= Records provided =
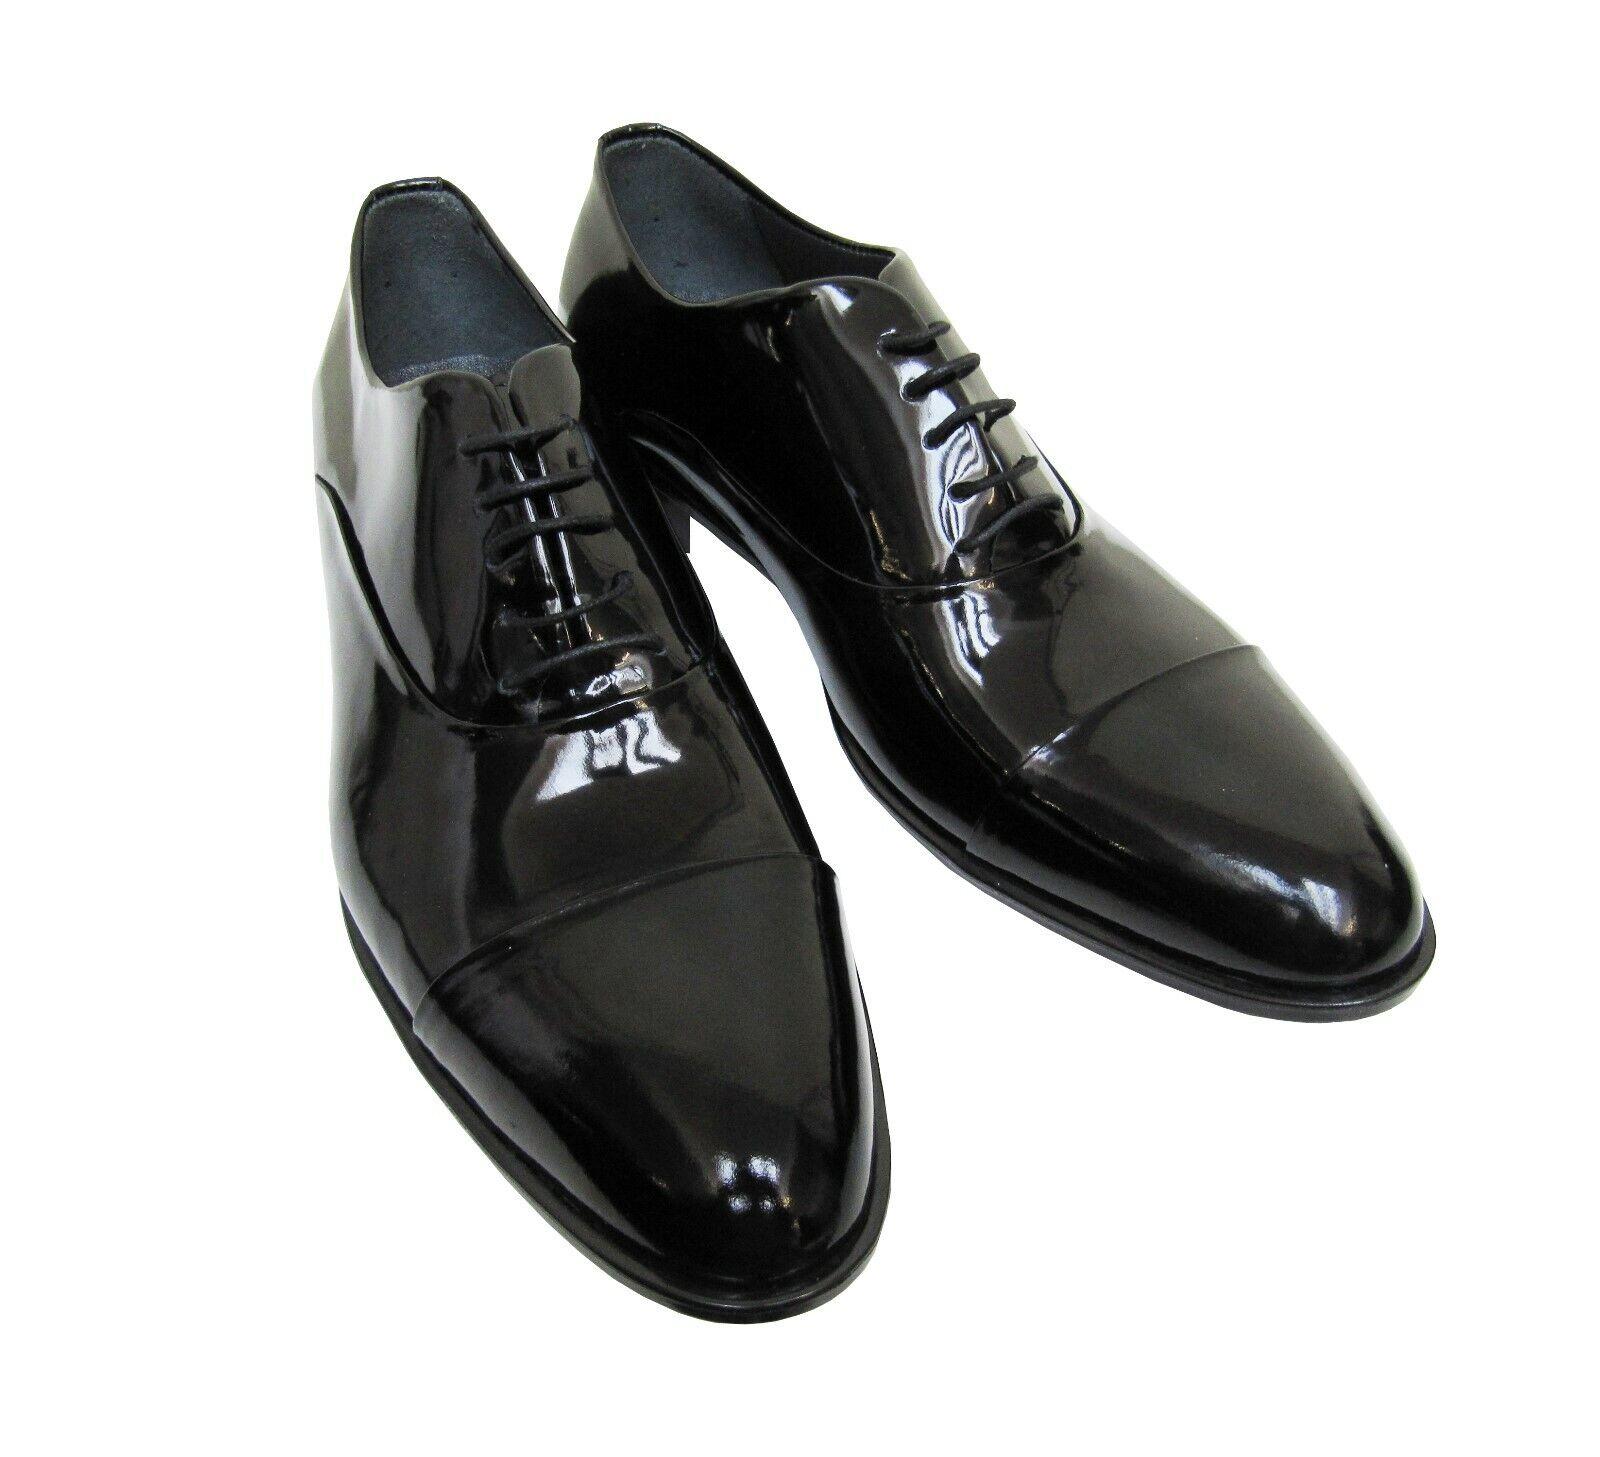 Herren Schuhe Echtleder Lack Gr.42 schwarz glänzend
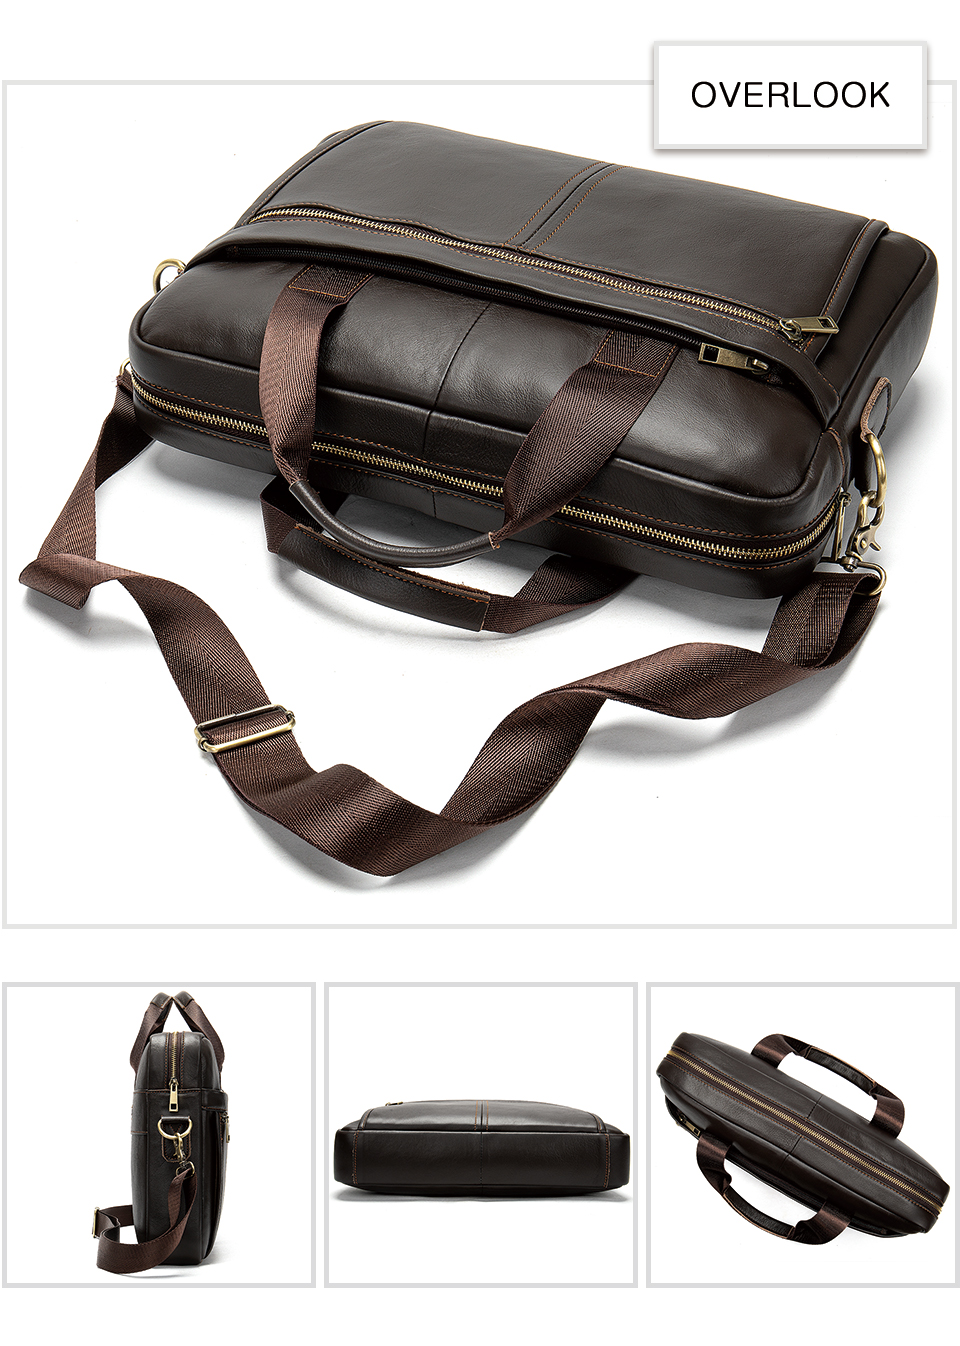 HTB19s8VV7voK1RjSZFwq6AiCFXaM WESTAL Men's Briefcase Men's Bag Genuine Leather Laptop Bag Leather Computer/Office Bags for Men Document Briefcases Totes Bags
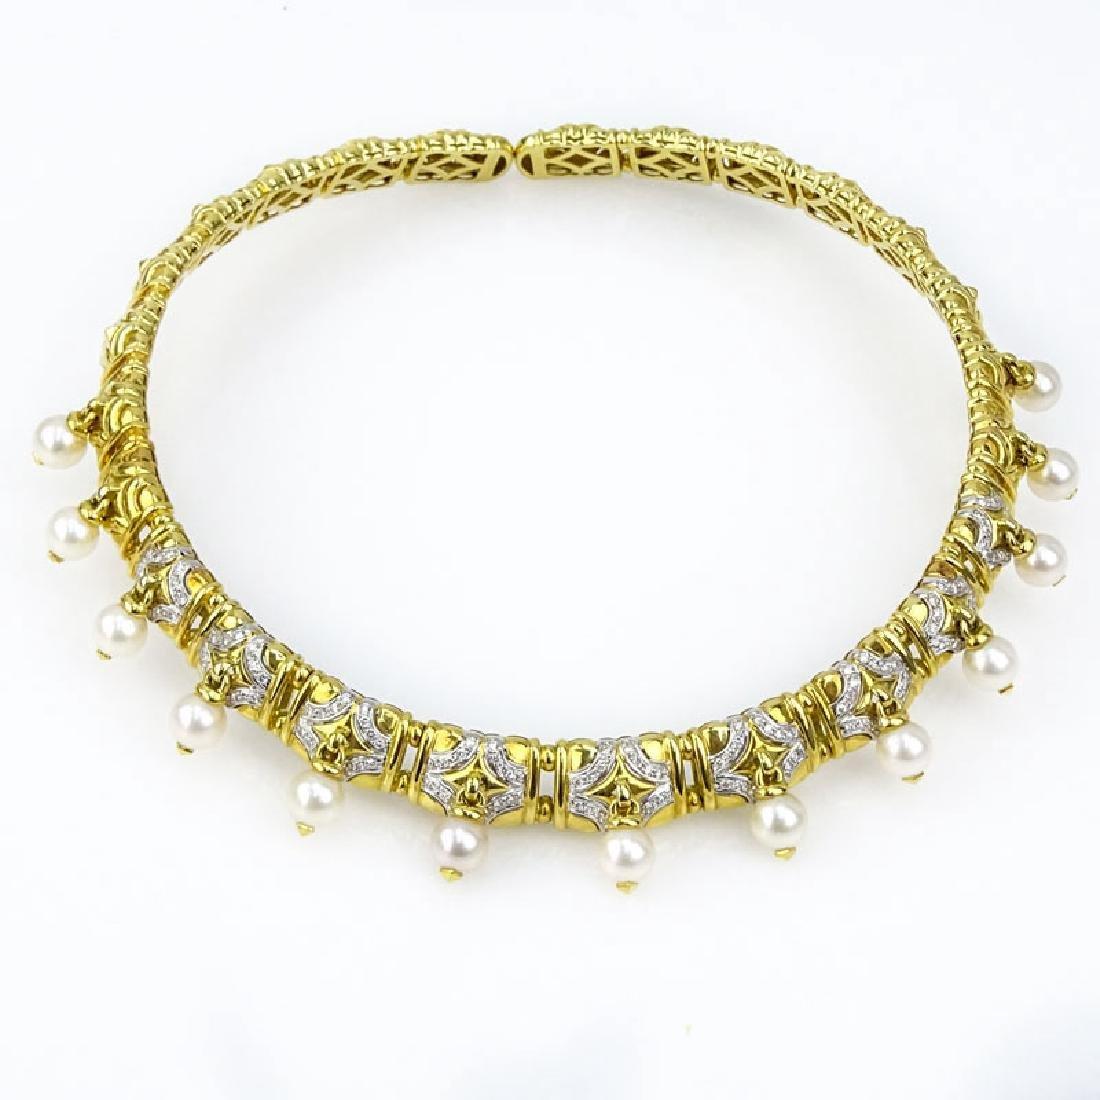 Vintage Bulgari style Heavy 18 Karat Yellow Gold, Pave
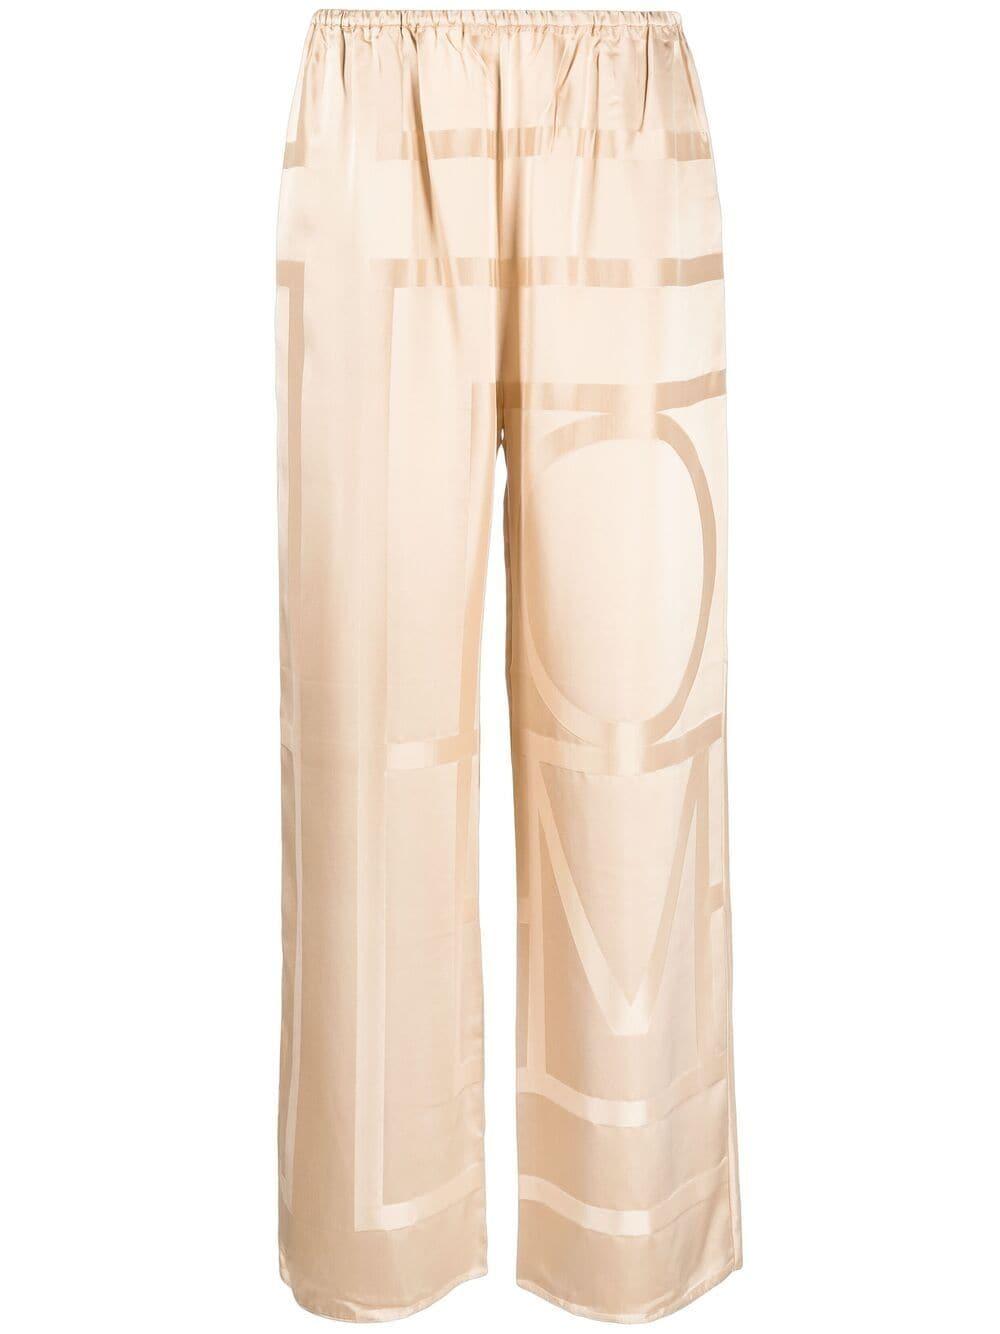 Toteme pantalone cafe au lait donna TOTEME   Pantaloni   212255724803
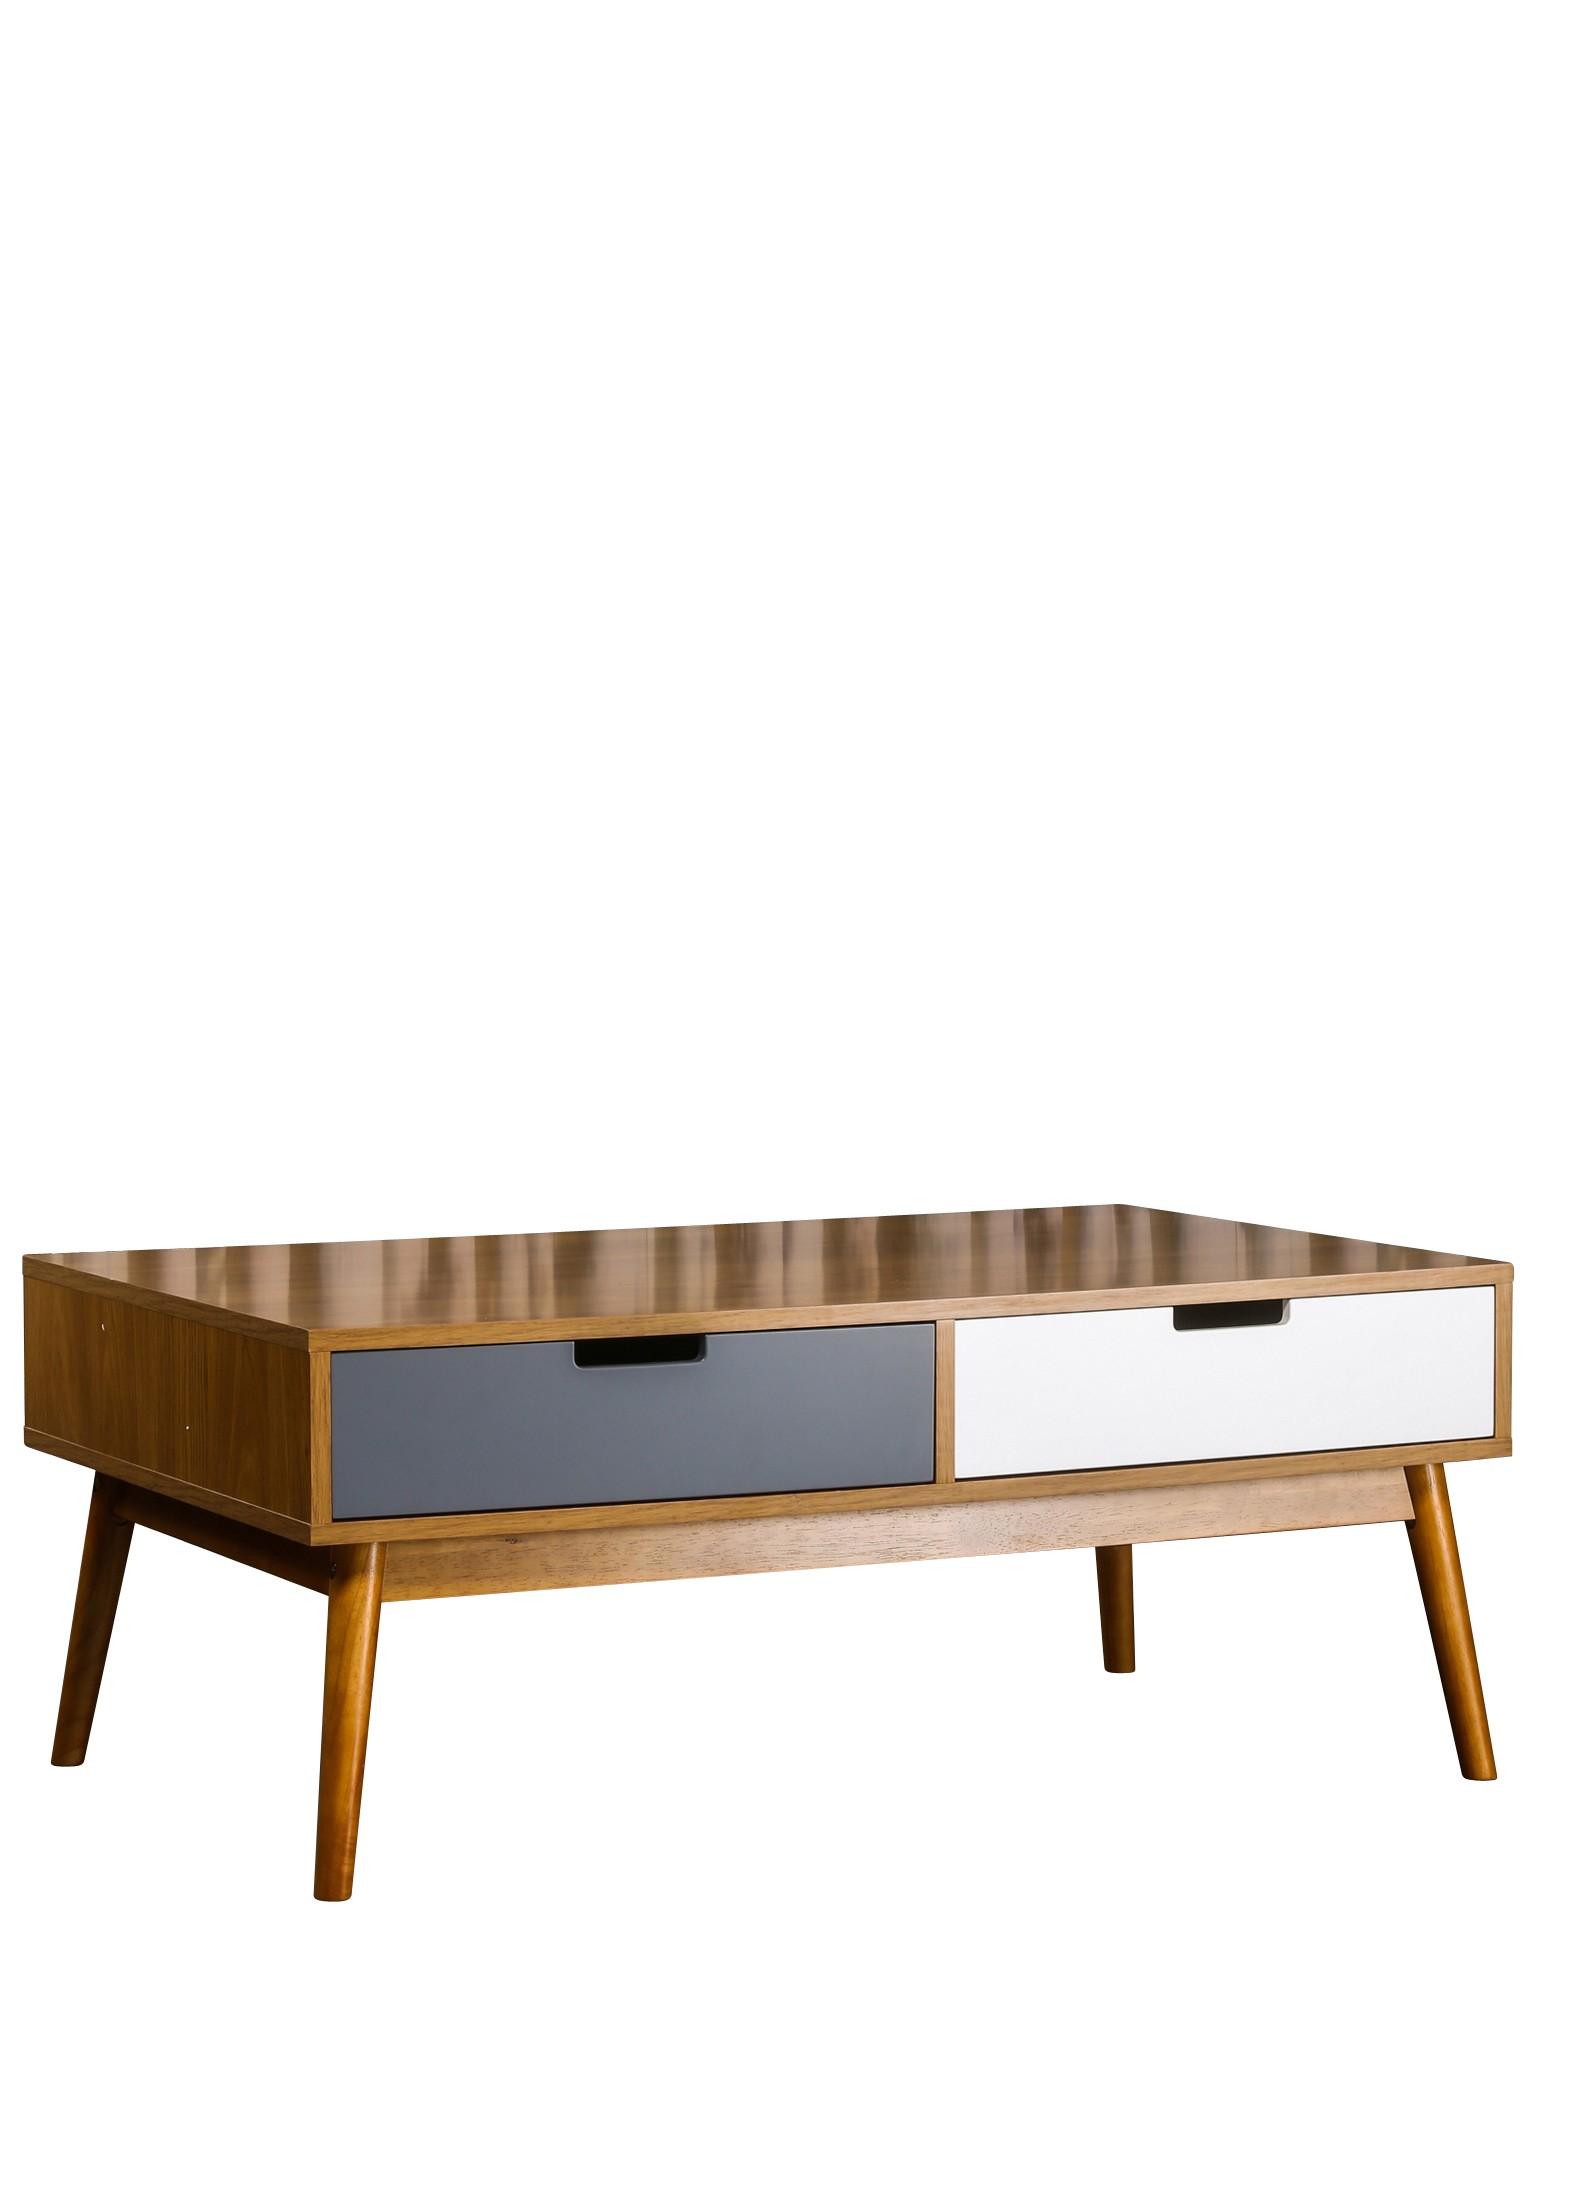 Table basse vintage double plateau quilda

= Prompt =
Above are records with pictures; repeat them exactly, but without the pictures.

= Solution to the problem =
 Herren Schuhe Echtleder Lack Gr.42 schwarz glänzend
 HTB19s8VV7voK1RjSZFwq6AiCFXaM WESTAL Men's Briefcase Men's Bag Genuine Leather Laptop Bag Leather Computer/Office Bags for Men Document Briefcases Totes Bags
 Vintage Bulgari style Heavy 18 Karat Yellow Gold, Pave
 Toteme pantalone cafe au lait donna TOTEME   Pantaloni   212255724803
 Table basse vintage double plateau quilda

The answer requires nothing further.